• _Work item_
The lines to return run from the one containing "HKMX The Nadi" through the end of the material; give them exactly and leave out the pictures.

• _Raw data_
-=-=-=-=-
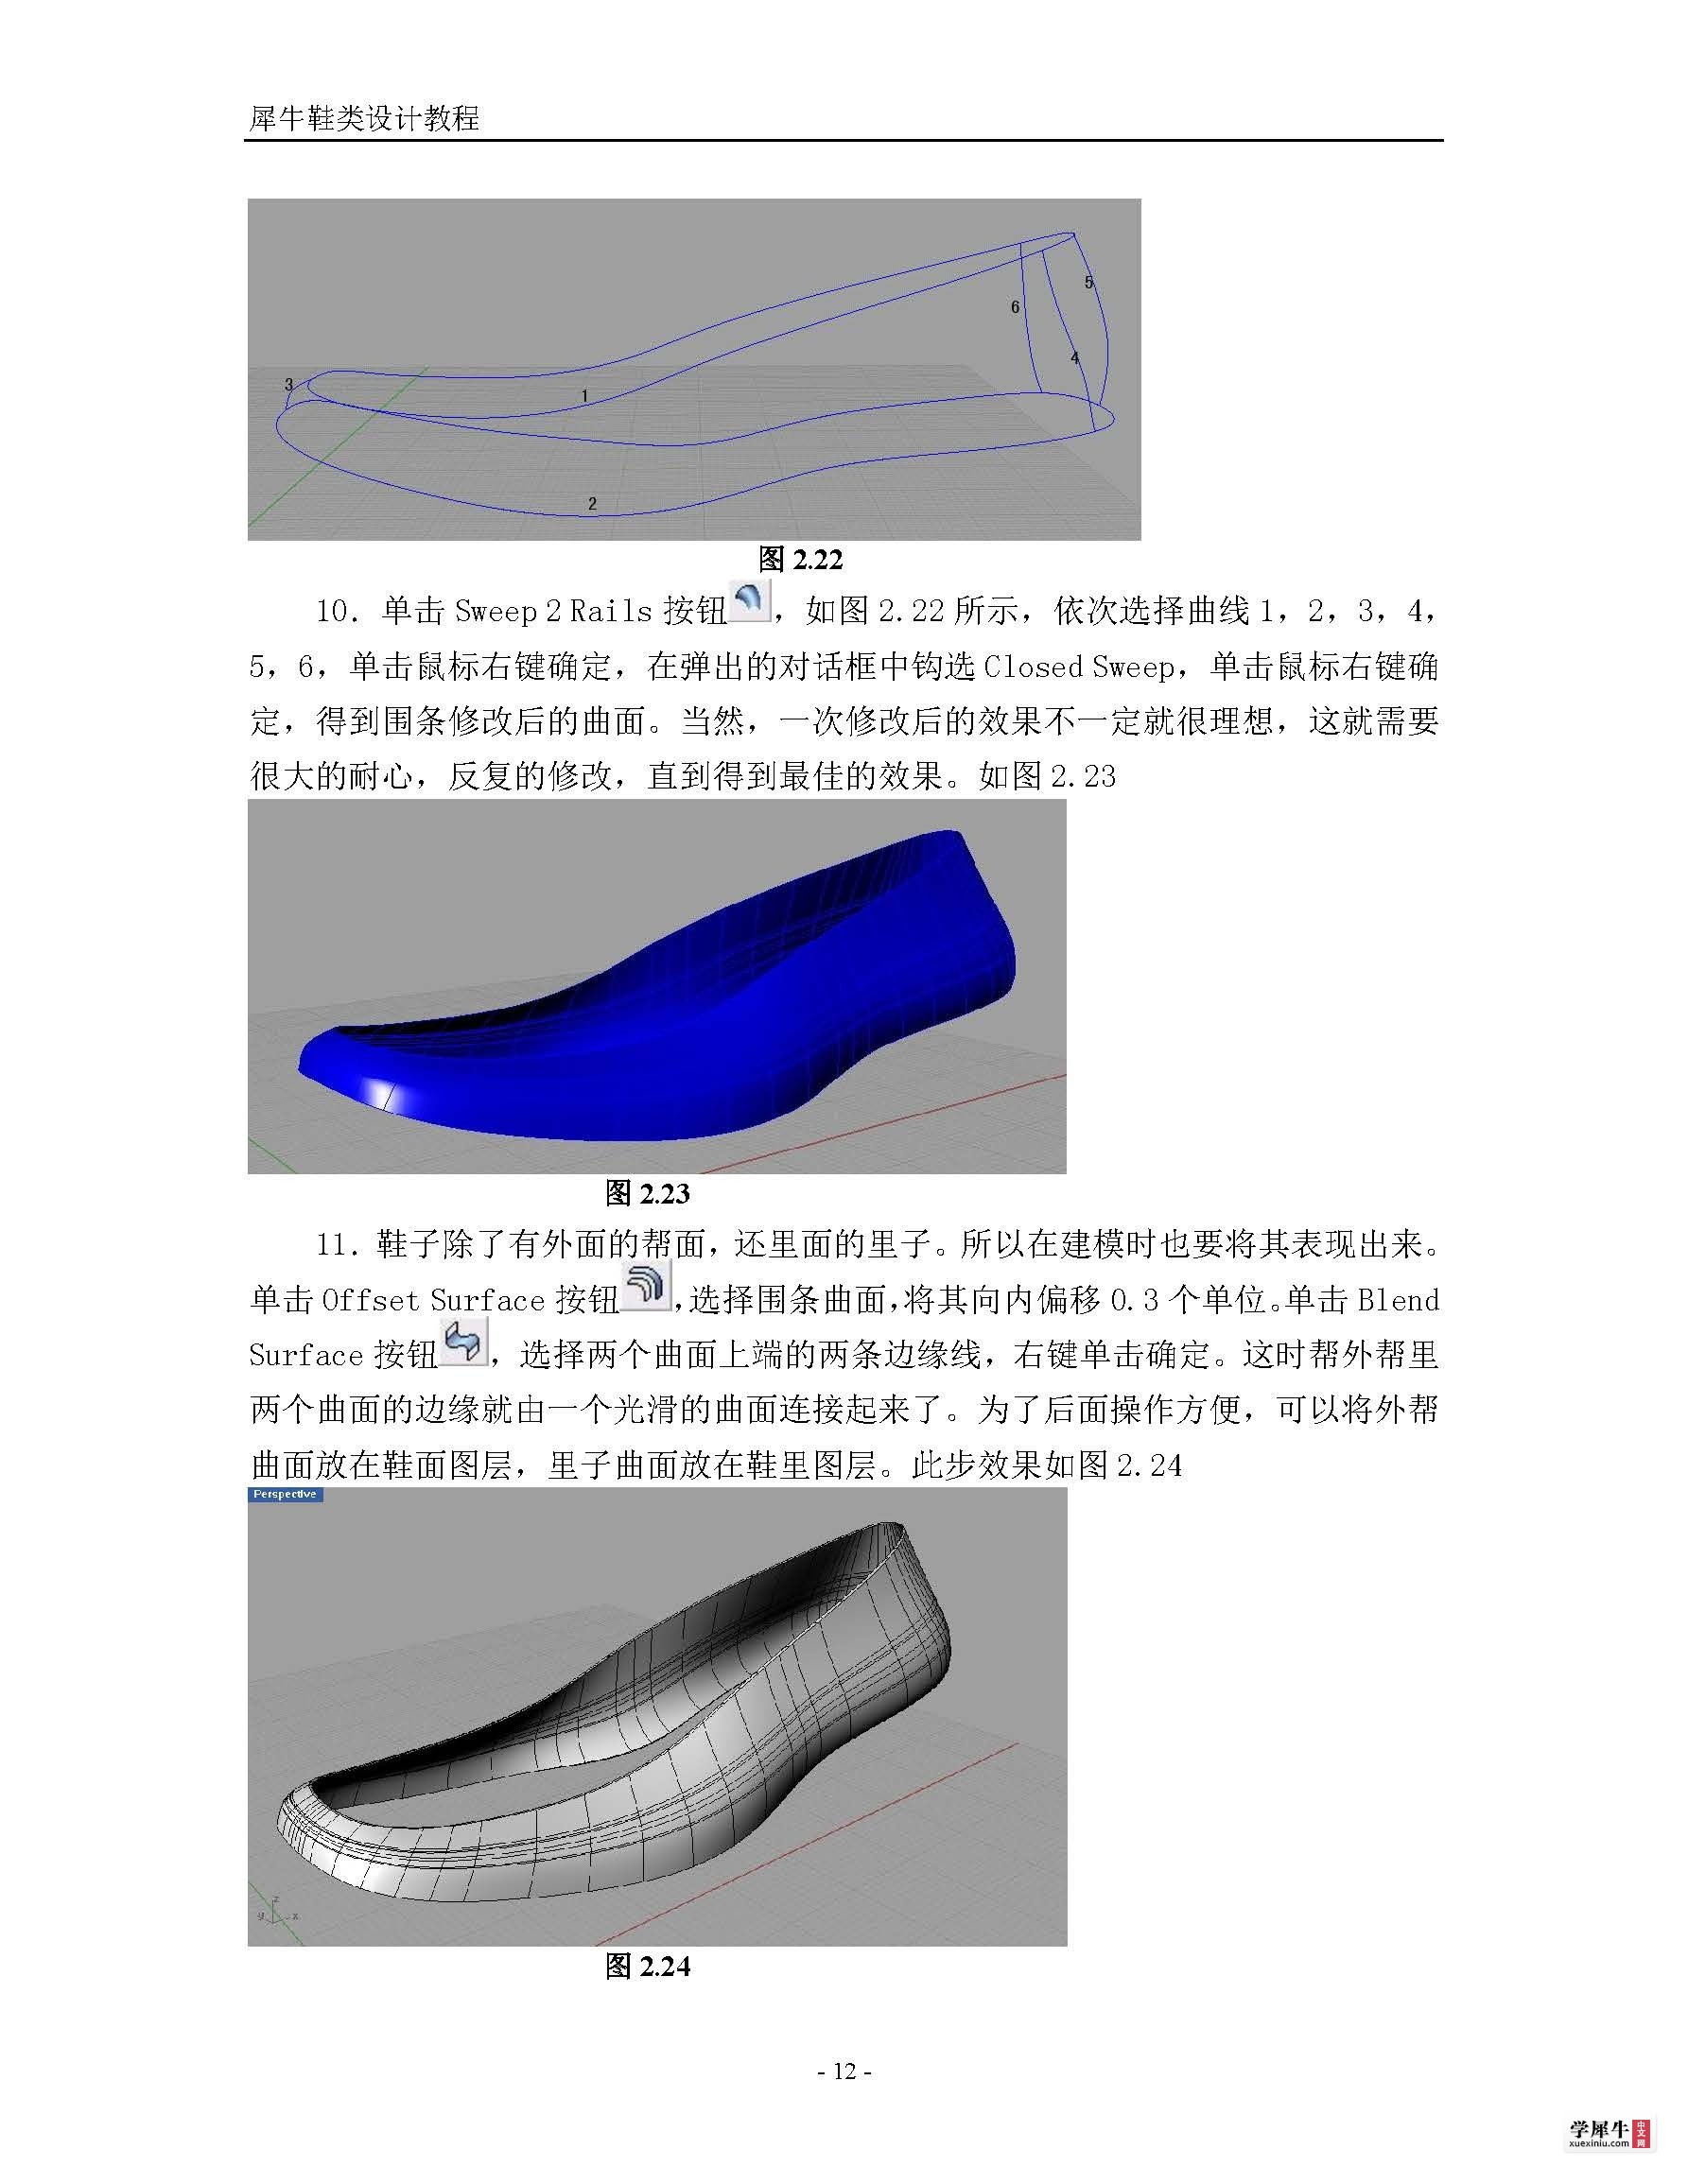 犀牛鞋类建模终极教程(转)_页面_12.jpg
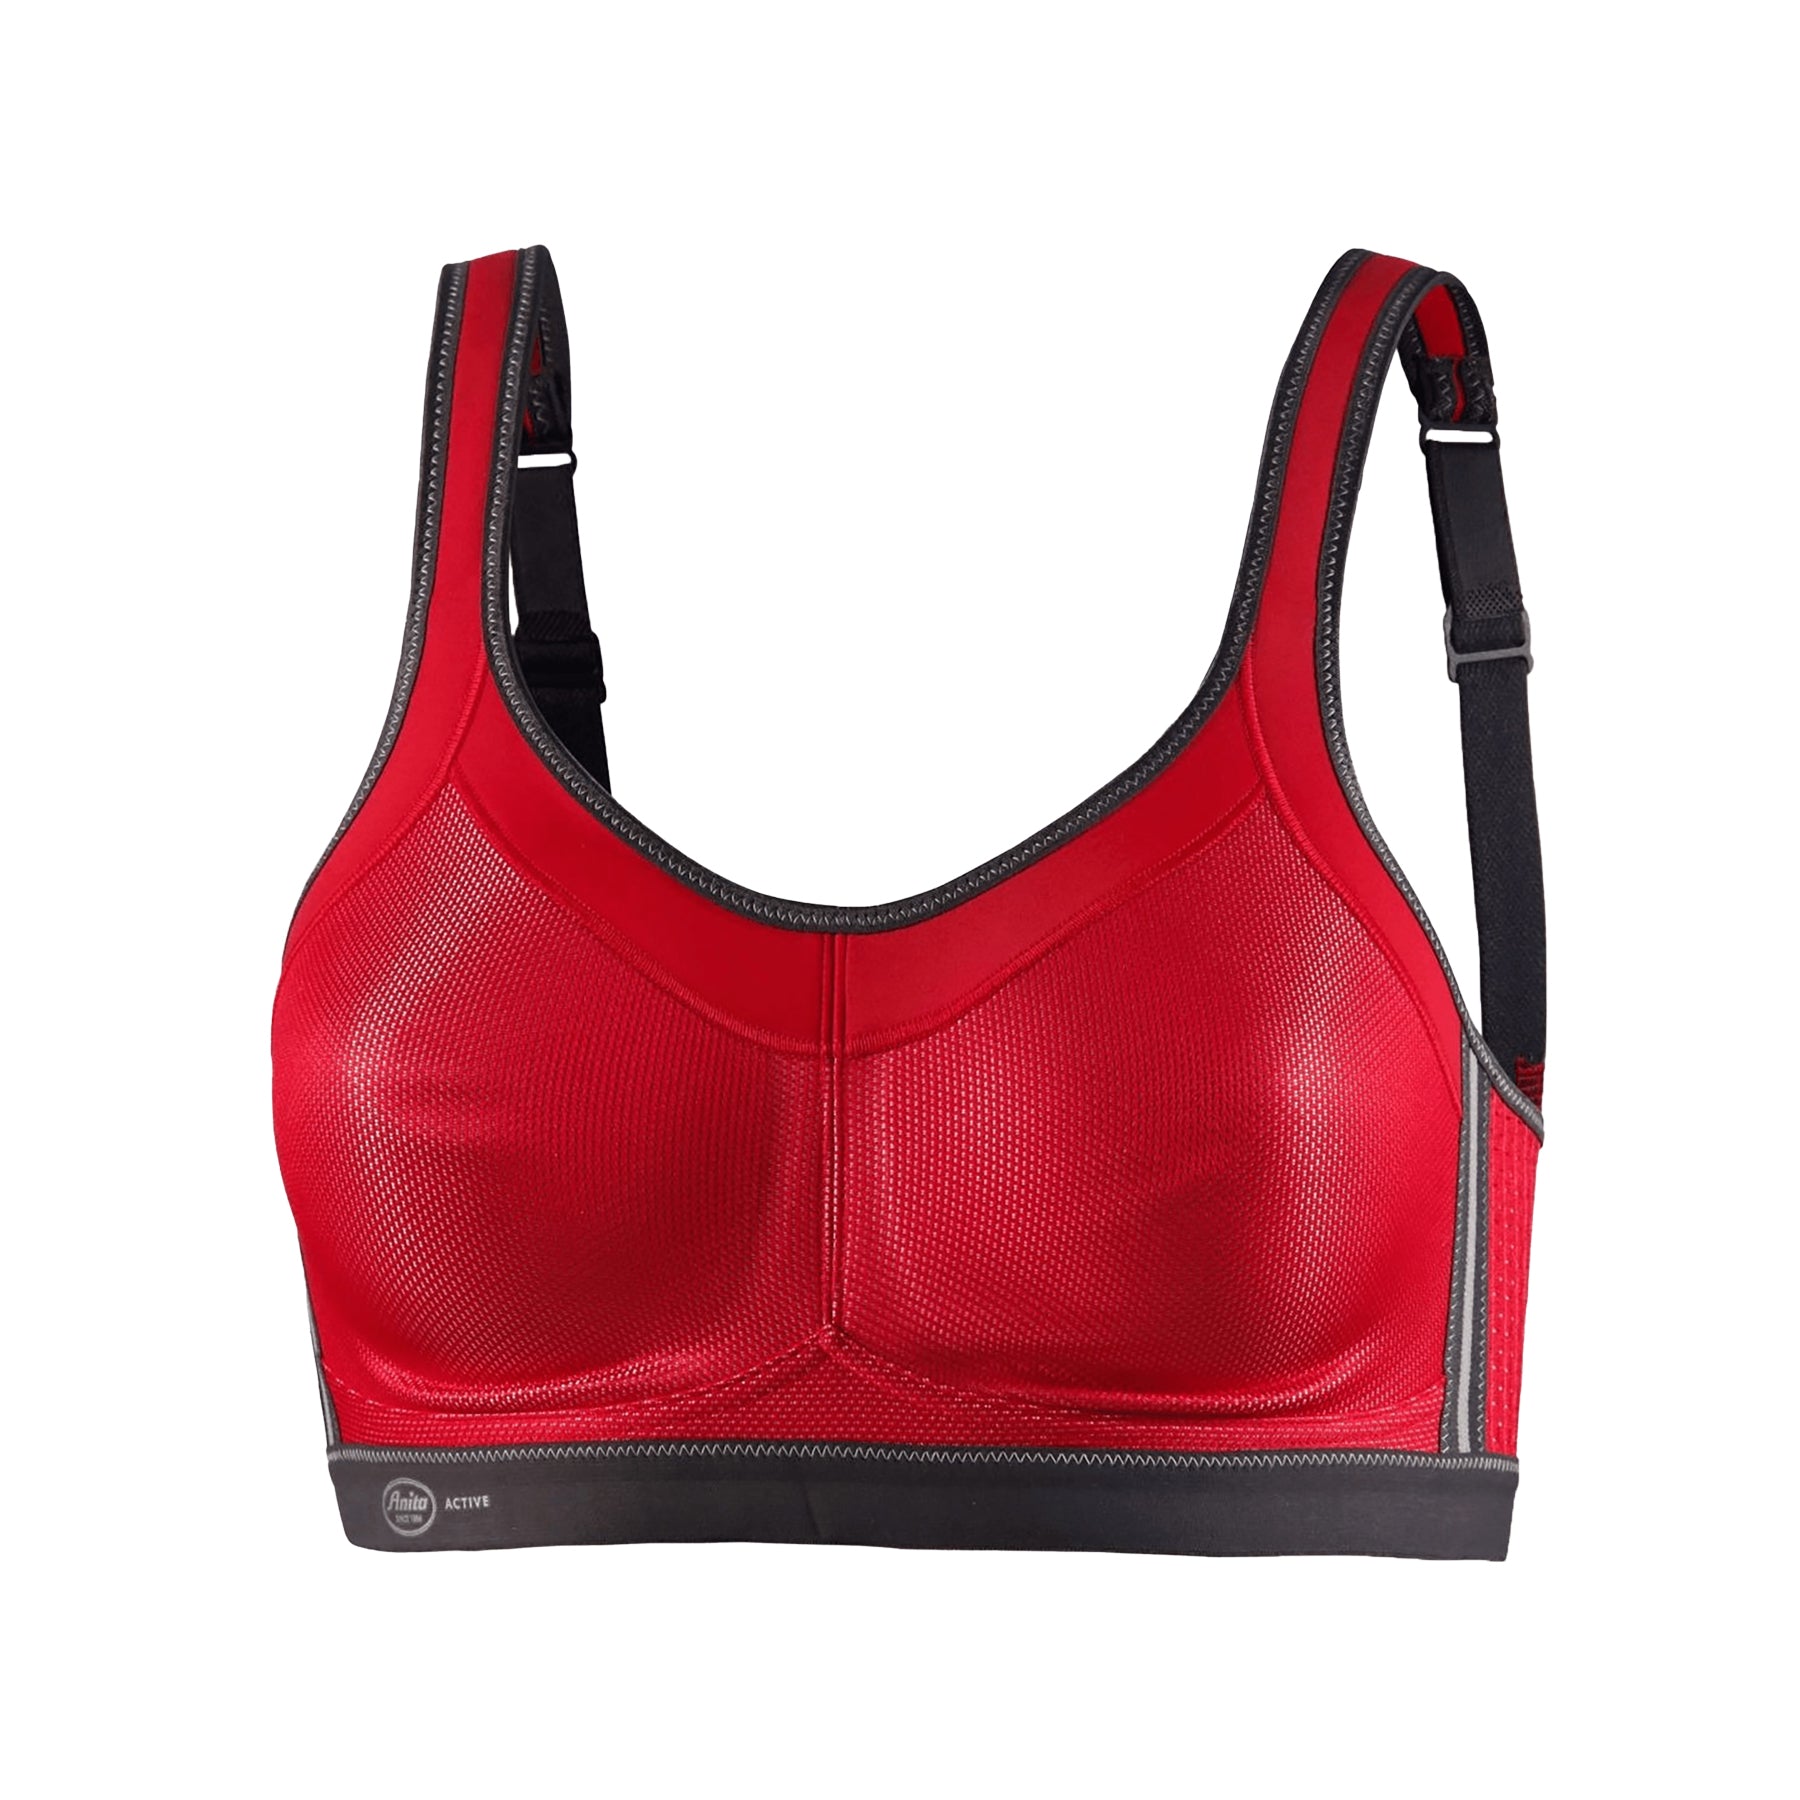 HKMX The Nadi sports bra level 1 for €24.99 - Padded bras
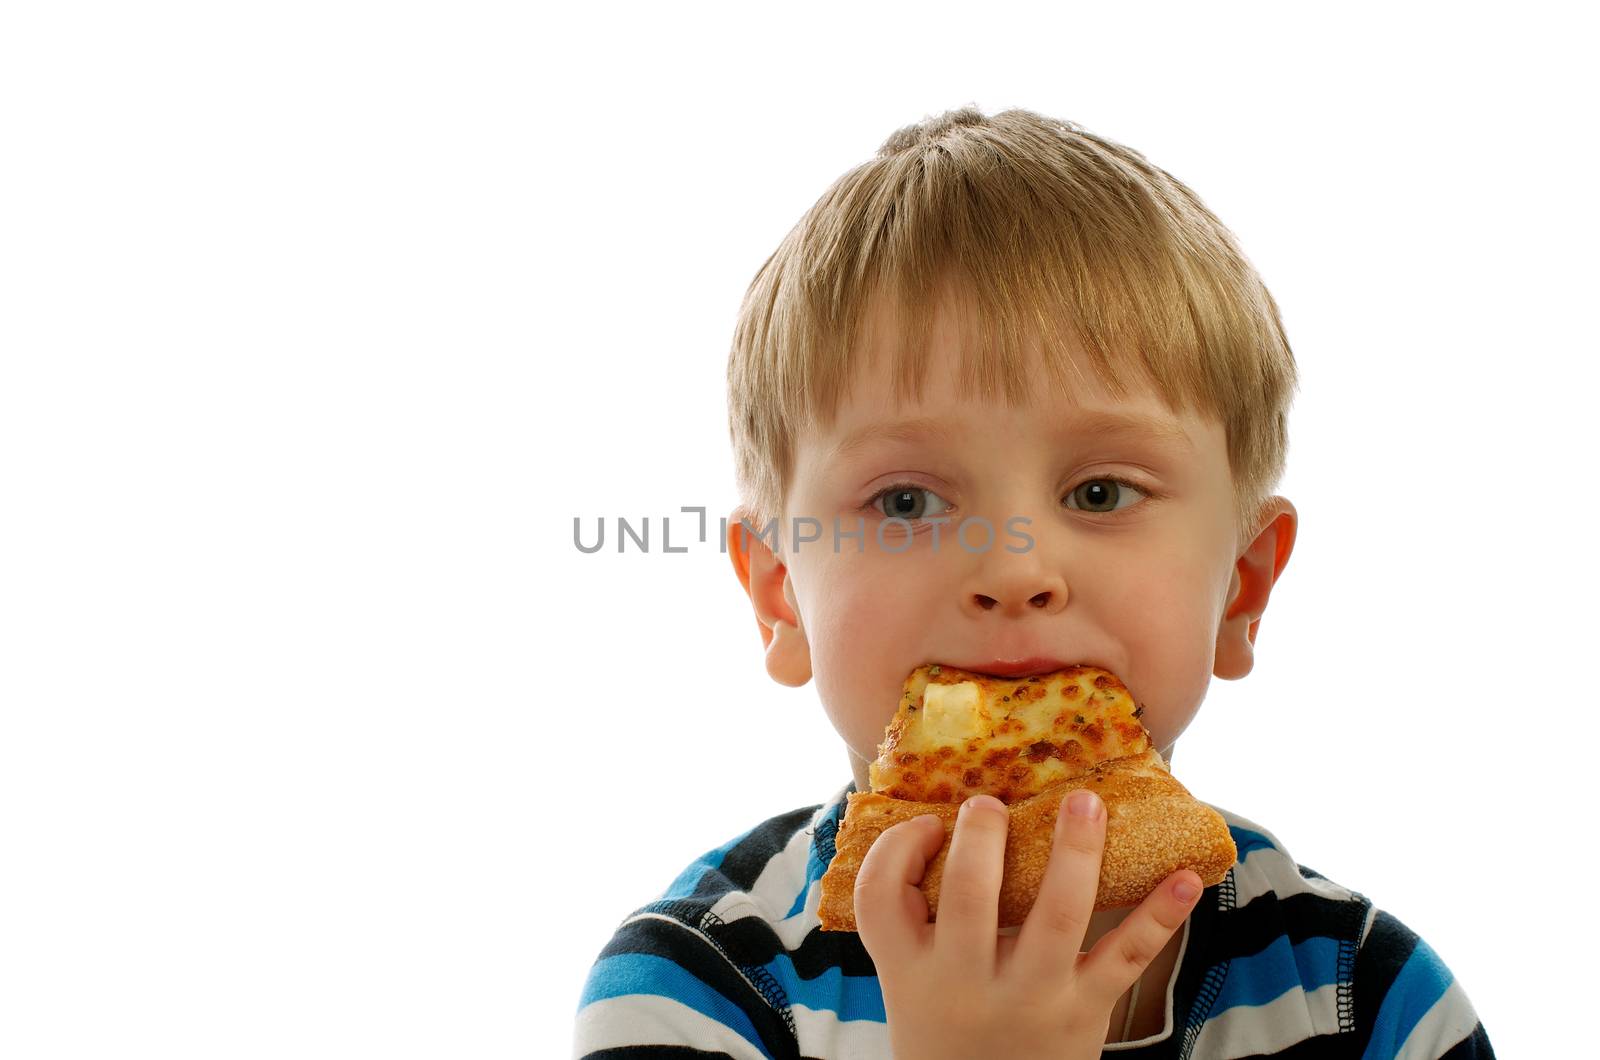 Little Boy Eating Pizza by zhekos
-=-=-=-=-
• _Solution to this problem_
 HKMX The Nadi sports bra level 1 for €24.99 - Padded bras
 Little Boy Eating Pizza by zhekos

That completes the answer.